In this new phase you should know that you have to review the results, know your statistics, take pictures and see if you advance or not. you have to try duplicate the moment you operate in simulated as if it were real: associate pleasure and pain. Otherwise, you could be operating robotically for many months, with mediocre results. This is one of the reasons why people win on simulated and lose their money when trading real. I firmly believe that the reason is because we do not associate pleasure and pain. Let me explain.
In trading it is easy to be deceived, it is easy to overtrade, overtrade (lots of trades), it is easy to erase losing trades from your mind and screen. I have done it many times, I have sabotaged myself. That’s why it’s important evaluate what we do with a cold method: can be a supervisor, an auditor, a coach, and/or associating pleasure and pain.
Several studies have been conducted on the psychological effects of rewards (pleasure) given to monkeys at random. For example, if we teach a monkey to do a task and regularly reward it each time it performs that task, the monkey quickly learns to associate a specific outcome with an effort. If we stop rewarding him when he does the task, the monkey will quickly stop doing it. He won’t waste his energy doing a thing that isn’t going to offer him any reward now.

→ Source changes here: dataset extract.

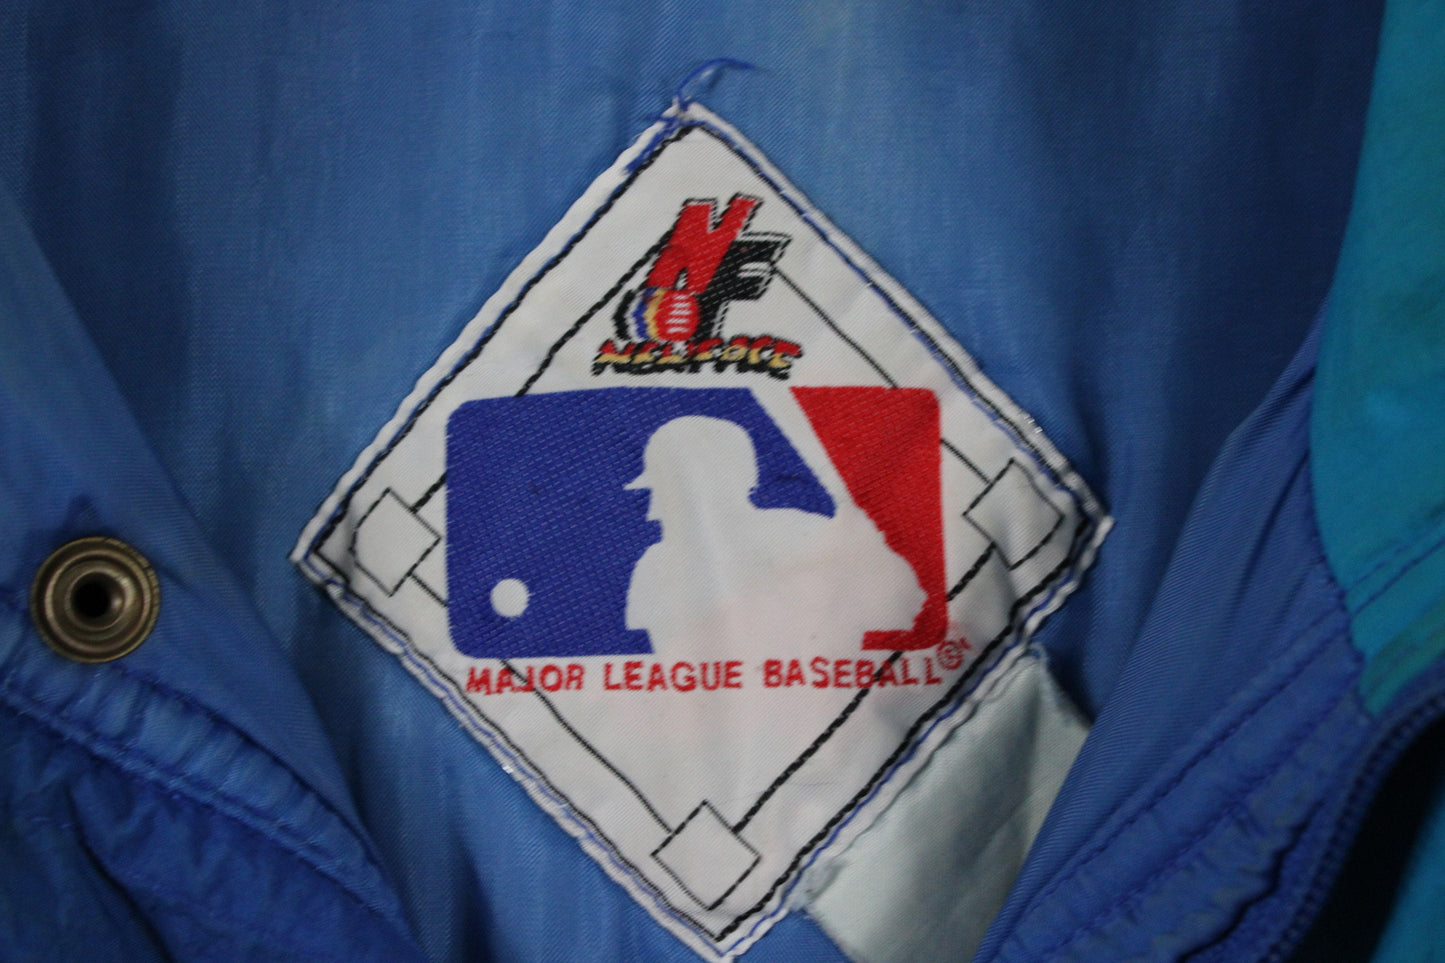 Blue-Jays Newface Jacket / Vintage MLB Baseball Letterman Varsity Coat / 90s Toronto World Series Champion / Canadian Sports Team Graphic
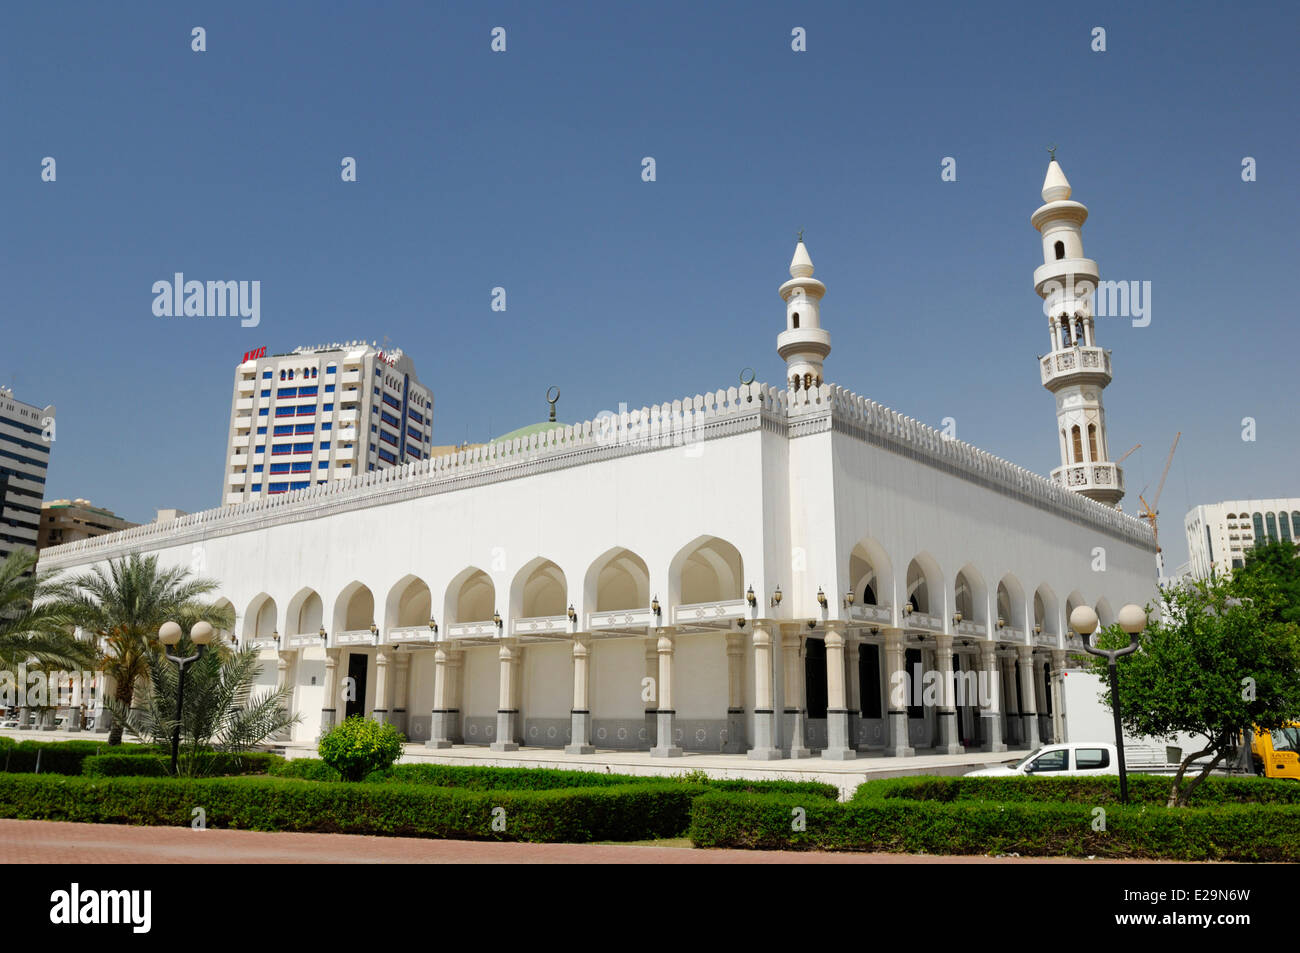 Emirati Arabi Uniti Abu Dhabi emirato, citta' di Abu Dhabi, Sheikh Khalifa moschea Foto Stock

However, the monkey’s response to reward deprivation is very different if we do it completely randomly rather than regularly. This is known as random rewards addiction. When we stop giving the reward, the monkey has no way of knowing whether or not it will be rewarded for doing the task. Every time he was rewarded by her in the past, the reward came as a surprise. Consequently, from the monkey’s perspective there is no reason to stop doing homework. The monkey continues to do it, even without being rewarded for doing it. Some will continue to do so indefinitely.
We are able to get used to random rewardsare linked to euphoric chemicals that are released in our brain when we have a pleasant surprise.
If a reward is random, we never know for sure if and when we are going to receive it. So it is not difficult to expend energy and resources in the hope of reviving that wonderful feeling of surprise. In fact, for many people, that can even become a dependency. On the other hand, when we expect a particular result and it does not come, we feel disappointed and unhappy. If we start over and get the same disappointing result, we are not likely to continue doing something that makes us suffer morally; does it ring true?
The problem with any dependency is that it leaves us in a state of “no choice”. Whatever its degree, our attention and efforts will be tailored to meet that dependency. The other possibilities that exist at a given moment to satisfy other needs (such as the need to trust ourselves, and not risk too many of our assets) are ignored or rejected. We feel incapable of acting in any other way than to satisfy this dependency. A reliance on random rewards is particularly annoying to traders, because it is a new source of resistance to the creation of the mindset that regularity engenders.
How to find out if we are advancing or not? How can I avoid dependency on random rewards? How can you have a mental structure oriented to winning regularity?
Maybe this game can help you. Do not forget to put it into practice when you have a reliable system, and many trades made. Do not put anxiety in the game, or in trading. I hope you like it and it helps you.